Transcribe the listing in full, excluding any pictures.

## SUPPLIED INFORMATION

# # #

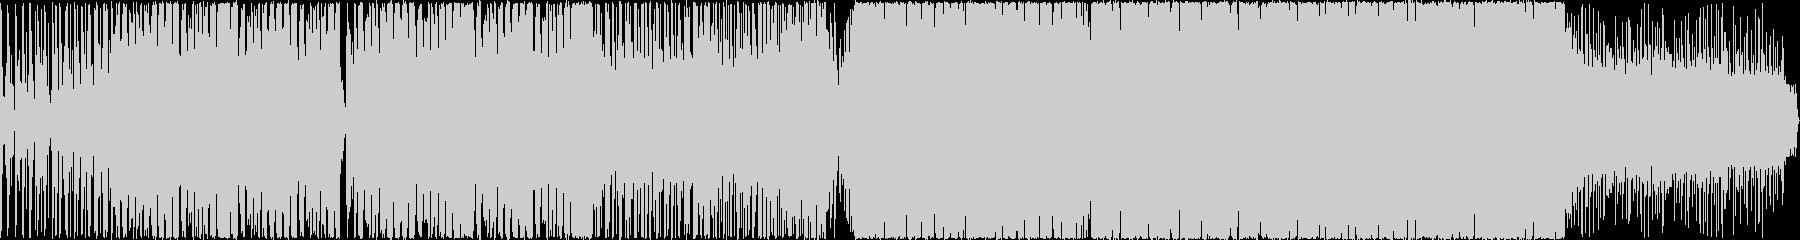 おしゃれなコードのEDM風ハウスの未再生の波形
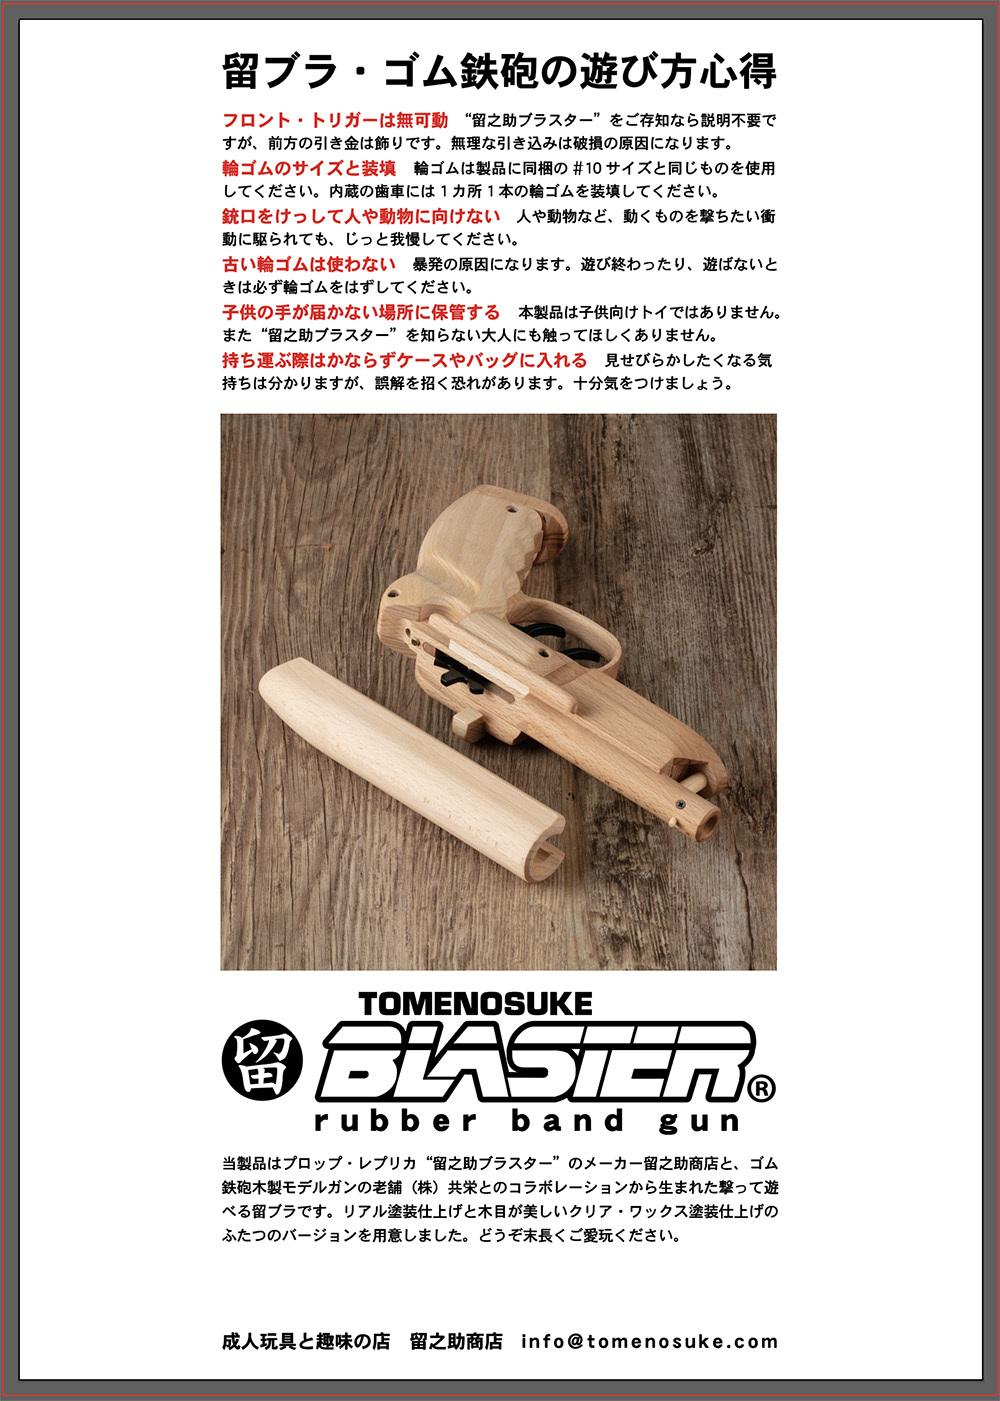 留ブラ・ゴム鉄砲、完売御礼_a0077842_21445912.jpg
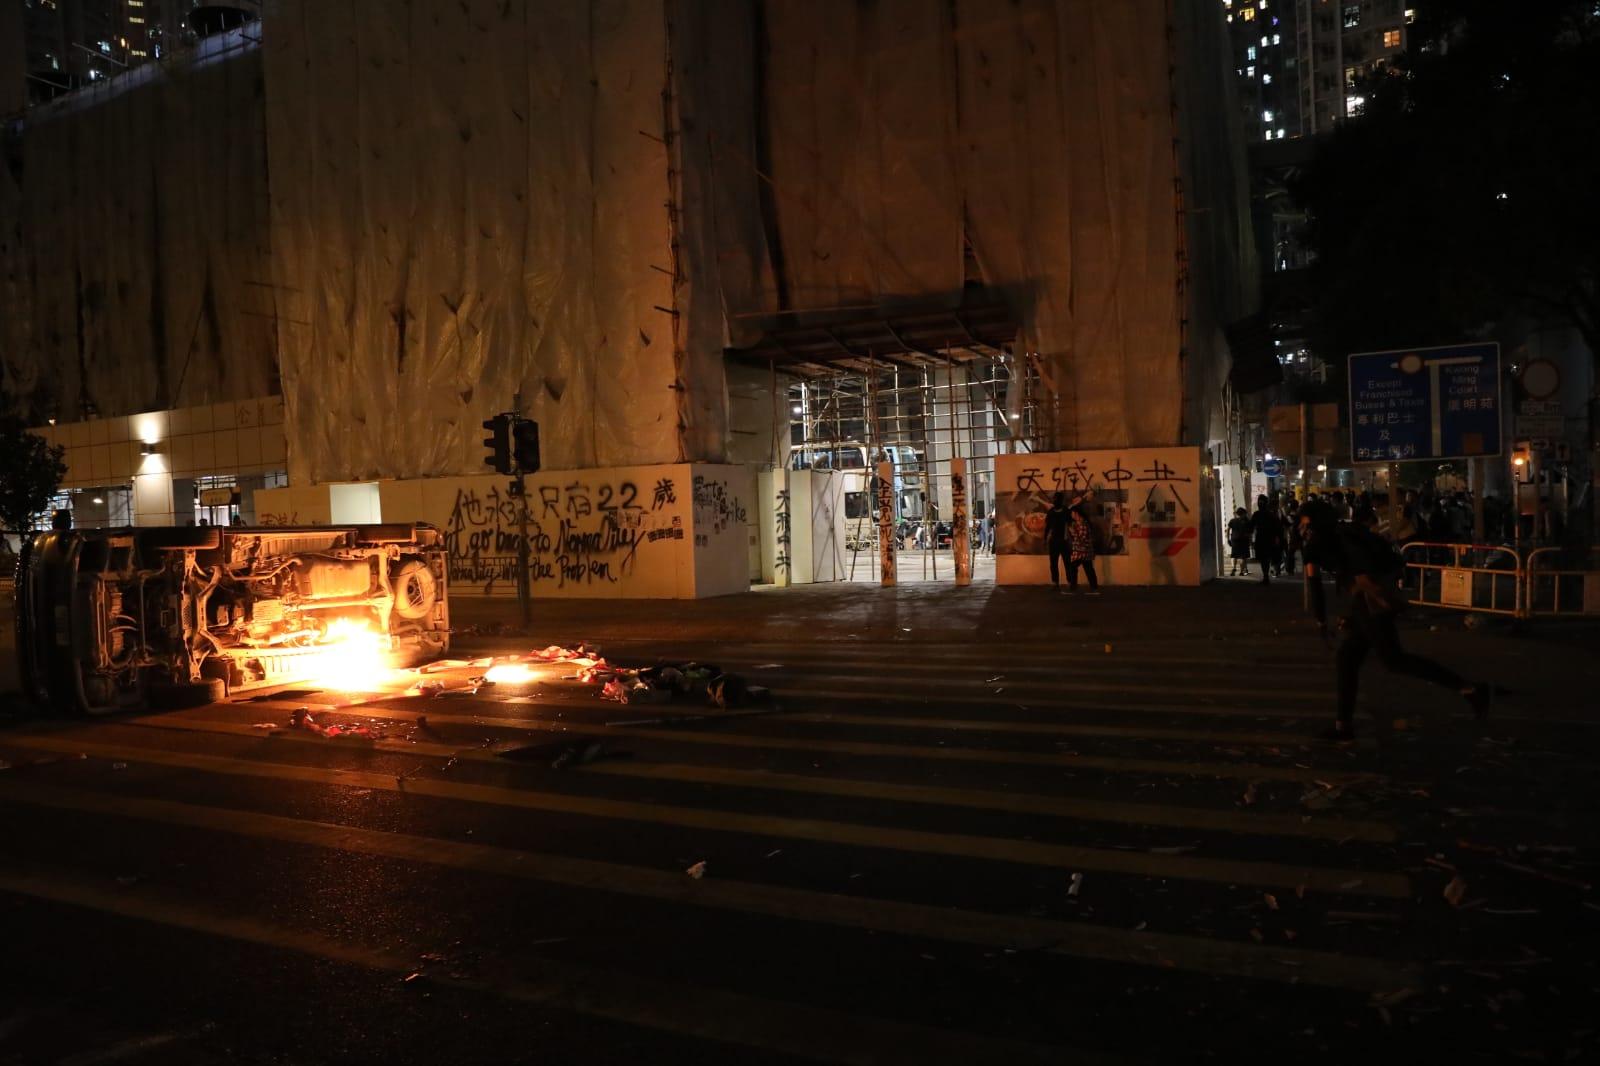 示威者放火燒車。

# # #

## EXERCISE RESPONSE
 おしゃれなコードのEDM風ハウスの未再生の波形
 留ブラ・ゴム鉄砲、完売御礼_a0077842_21445912.jpg
 示威者放火燒車。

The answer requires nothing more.